Pallet Enterprise: What is one thing you do at your company that is different from other pallet companies?

Donadio: We became a full-service recycling company – pallets, cardboard, plastic, paper, e-waste and metal. Recycling other materials has made a big difference for us. We’re a one-stop shop for recycling. Customers use our trailers for everything, not just pallets. If a customer accumulates substantial amounts of cardboard and plastic, we’ll put a baler in their facility then we’ll buy their cardboard, plastic, e-waste and other recyclables. So instead of dealing with a bunch of different companies, they can just put it all on one trailer.


Pallet Enterprise: Have you seen customer expectations change in recent years? How?

Donadio: It’s not just having the best service anymore.  You need to have the service and pricing. You used to be able to get by with just good service and higher prices. But customers today are looking for best service, pricing and quality.


Pallet Enterprise: What is the best piece of business advice that you have ever received?

Donadio: My father told me always surround yourself with people who are smarter than you and people who can challenge and inspire you. I feel like I’ve done that. I may steer the ship but it’s through the guidance of the team I’m surrounded by. Never hesitate to give them the praise and credit that they deserve. It doesn’t always have to be my idea. In most cases they have better ideas. I just need to ask the questions.


Pallet Enterprise: What is one of the hardest business decisions you have ever made?

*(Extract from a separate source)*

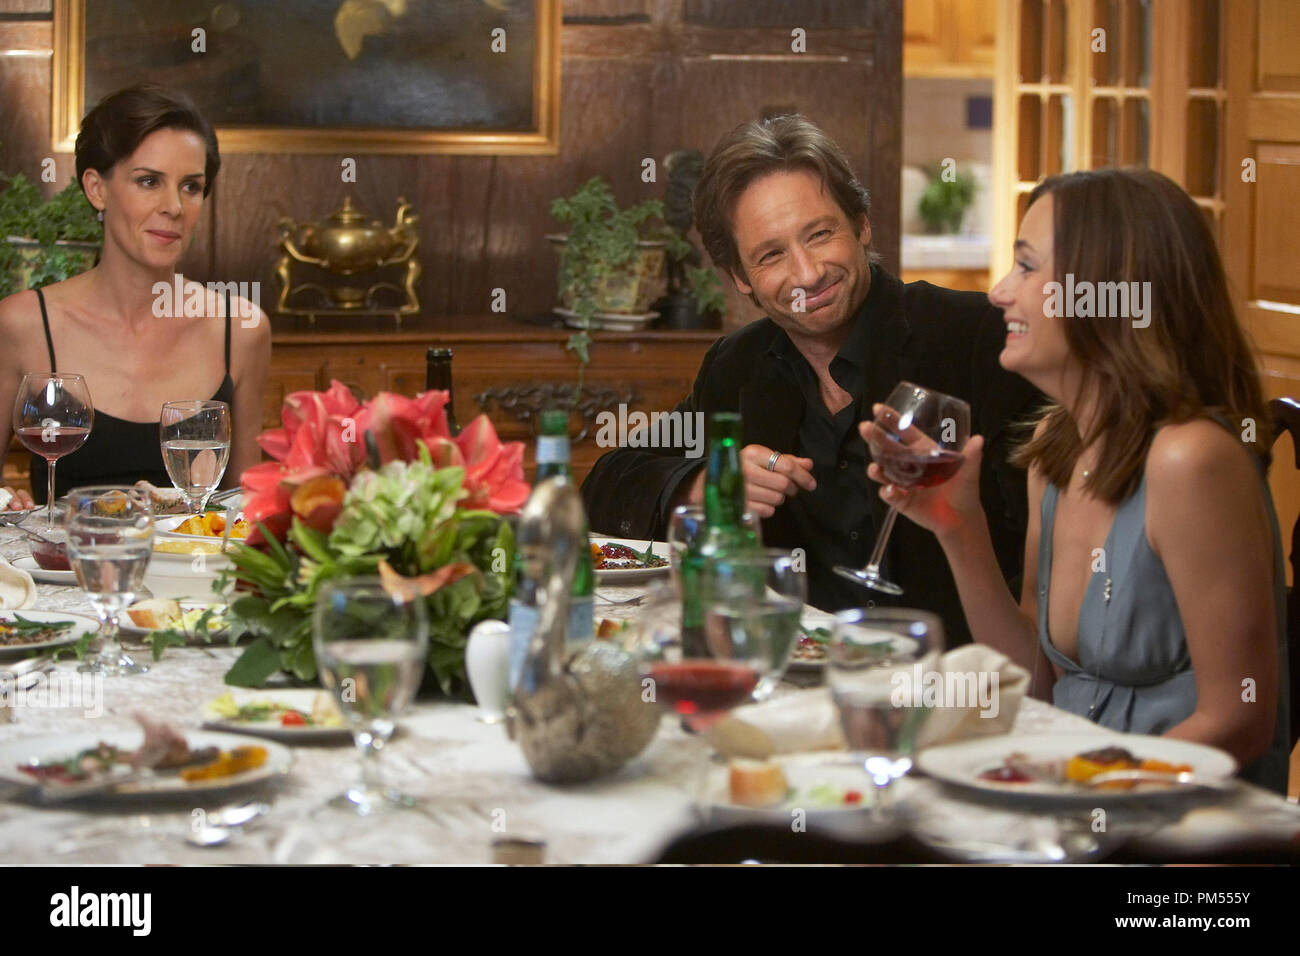 Embeth Davidtz as Felicia Koons, David Duchovny as Hank, and Diane Farr as Jill Robinson in Californication (Season 3, Episode 1) Stock Photo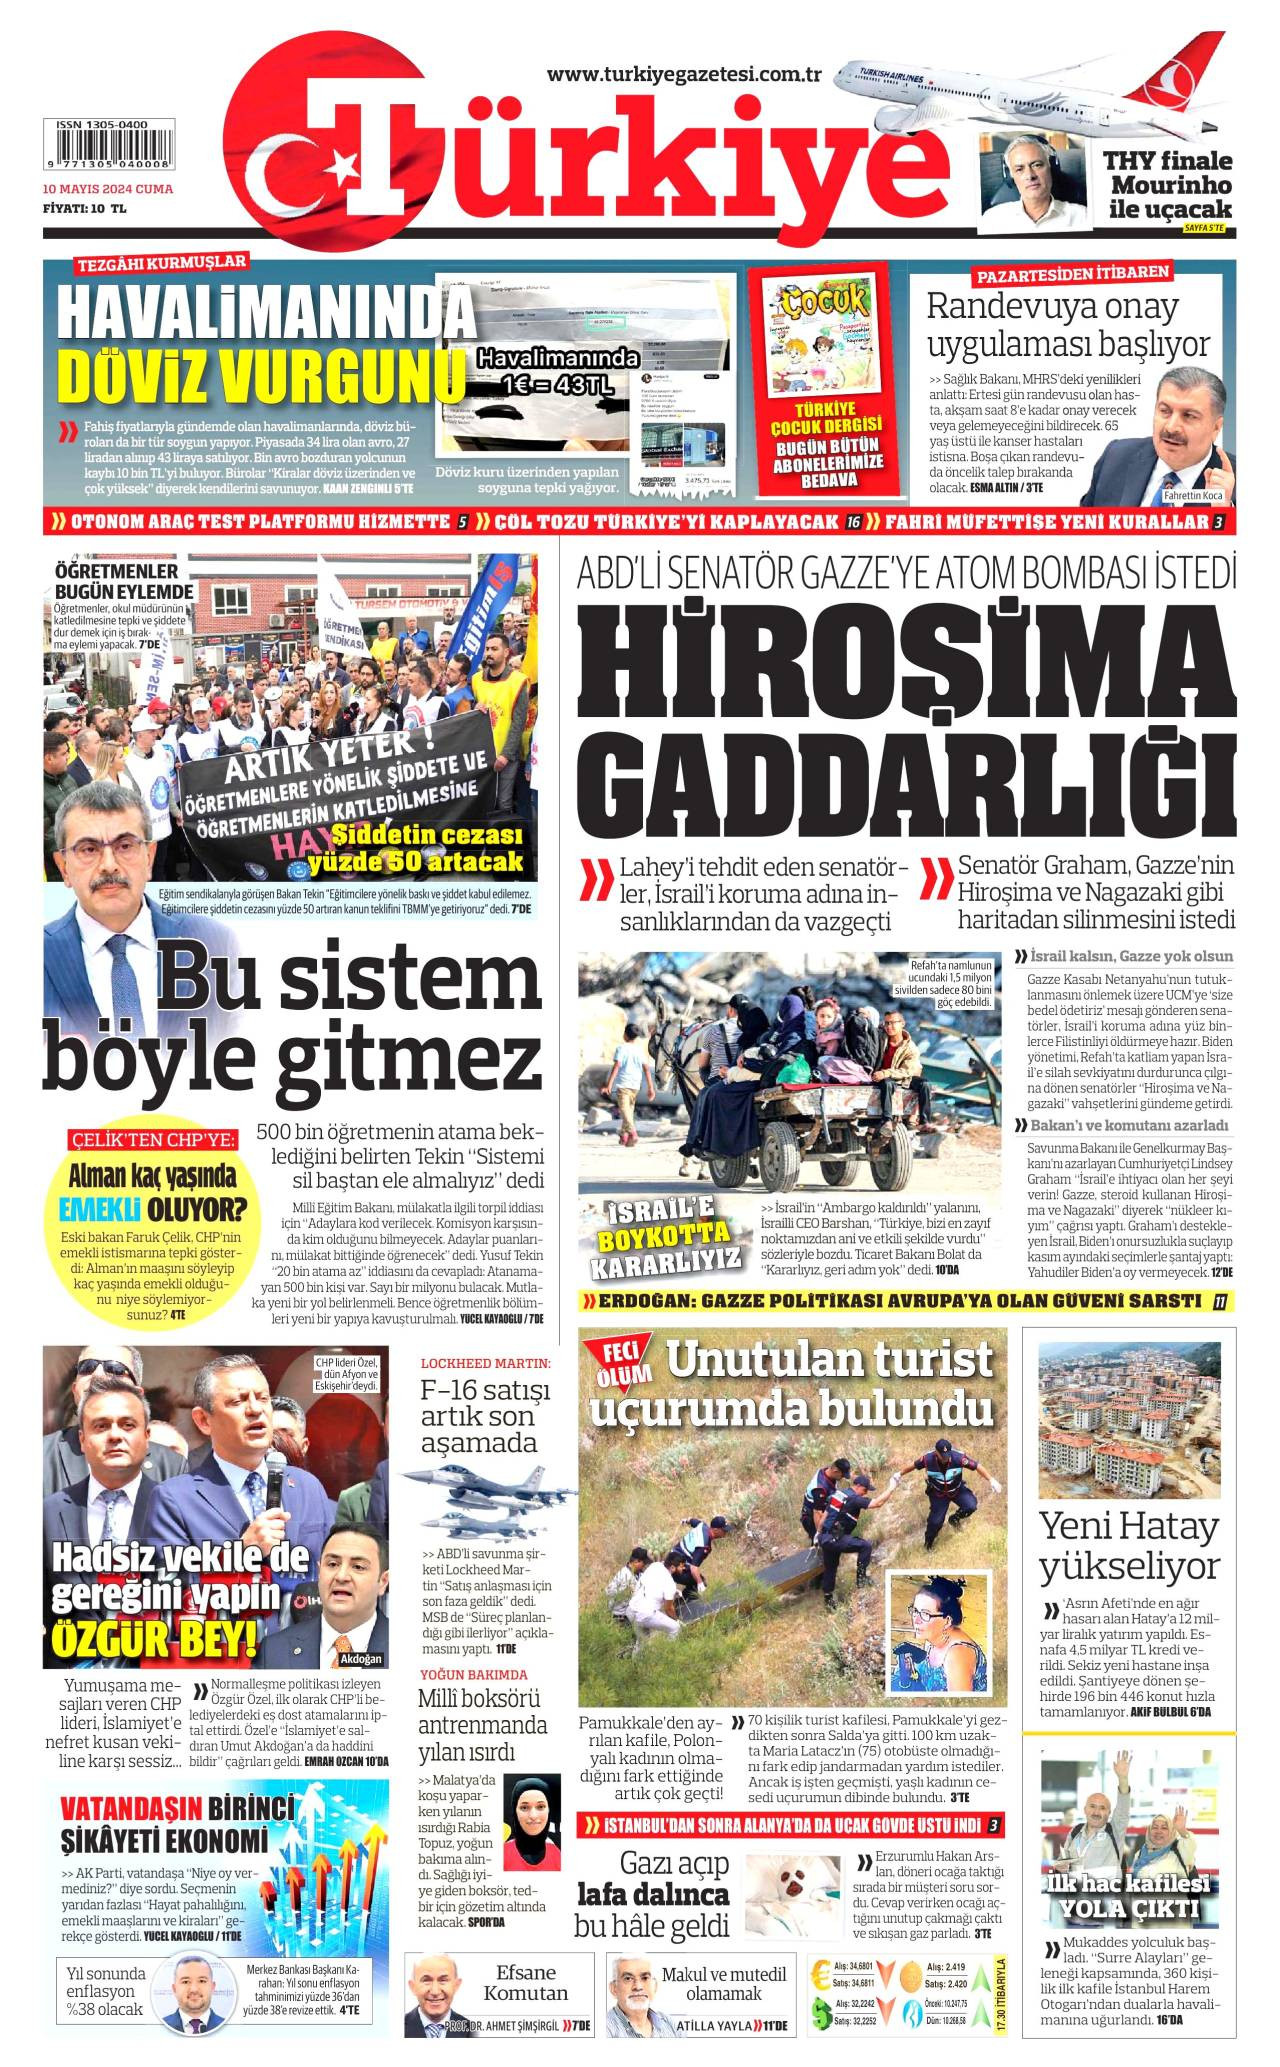  turkiye Gazetesi

Donadio: The hardest decision was to move our facility after 30 years. That was a very a difficult decision. At first I didn’t think it was going to work out, but it turned out to be one of the best moves we could have done. We outgrew our facility and to be more competitive we needed a bigger property. But it was also very challenging to make the move. I was naive about what it takes to move a facility. We had to do it, but little did I know about how difficult it was going to be. It was very difficult to get production back up to where it needed to be. There was a shortage of pallets at the time and competition came in hot and heavy. It was a perfect storm, and we were in the middle of it. So it brought us to our knees, but we were able to weather the storm.